Figure 5. Pattern of forage quality in a continuous graze system. (Adapted from “Grazing Systems for Beef Cattle,” James Gerrish)


Figure 6. Pattern of forage quality in a 6 paddock rotation (Adapted from “Grazing Systems for Beef Cattle,” James Gerrish)

Management: The Third Leg

Management is treated as a separate component because controlled grazing requires a new perspective and set of skills. Many people know how to grow forage and/or feed livestock, but feeding livestock, growing forage and keeping the system in tune while still meeting farm goals is a new challenge. The task is not really that difficult. It is a lot like riding bike—more difficult to explain than it is to do. The two questions always asked with controlled grazing are, “How big should my paddock be?”, and “How many paddocks do I need?” There is no standard answer for every situation, but here are some guidelines to get you started.

“How big should by paddocks be?”

Most pastures of average density or thickness will have 2,000 to 2,500 pounds of total dry matter per acre (DM/acre) in the first 8 inches of growth. You need to leave about 1,000 to 1,200 pounds of DM/Acre for regrowth, or 2 to 3 inches. This leaves about 1,200 pounds of harvestable DM shown in Table 2, you can readily calculate the paddock size with the equation listed below. For those of you who hate math, note that this equation is really very simple, and it will give you a good handle on how to size your paddock.

Table 2. Forage dry matter intake from pastures



Dairy cow


Beef cow/calf


750-pound yearling




Dry ewe


100-pound horse


Paddock size formula:

[(No of animals) X (DM intake) X (days in paddock)] divided by 1,200 lb/acre = paddock size (in acres).

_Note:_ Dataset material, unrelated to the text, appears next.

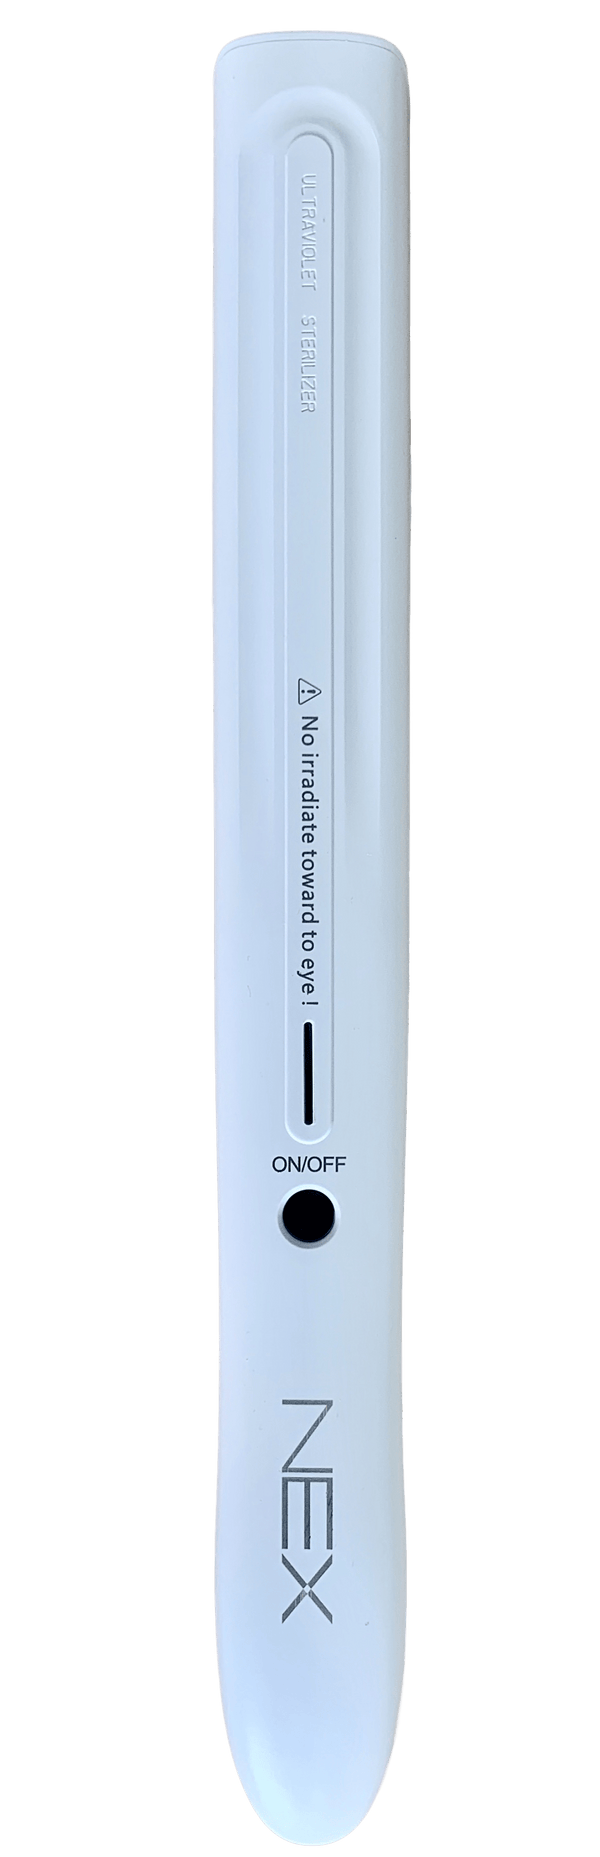 Nex Portable UV Lamp Sterilizer  - Model NxU2

Example 1: 40 dairy cows in a paddock for 2 days (40 dairy cows X 20 lb DM X 2 days) divided by 1,200 lb/acre = 2-acre paddocks

Example 2: 50 ewes/lambs in a paddock for 3 days (50 ewes/lambs X 8 lb DM X 3 days) divided by 1,200 lb/acre = 1-acre paddocks

The 1,200-pound yield or range of 900 to 1,500 pounds depends most on density of growth rather than height. Due to wastage, it is very difficult to get more harvestable feed unless you sacrifice animal performance and make them eat everything. Table 3 is an example of two paddocks where the pre-grazing and post-grazing levels of dry matter were measured. Paddock A had 3,475 pounds of forage that was 12 to 16 inches tall, but only 725 pounds were utilized or eaten; 2,750 pounds were trampled or too coarse. Paddock B had shorter forage (6 to 8 inches), but provided 1,175 pounds of animal feed because only 750 pounds were left after grazing.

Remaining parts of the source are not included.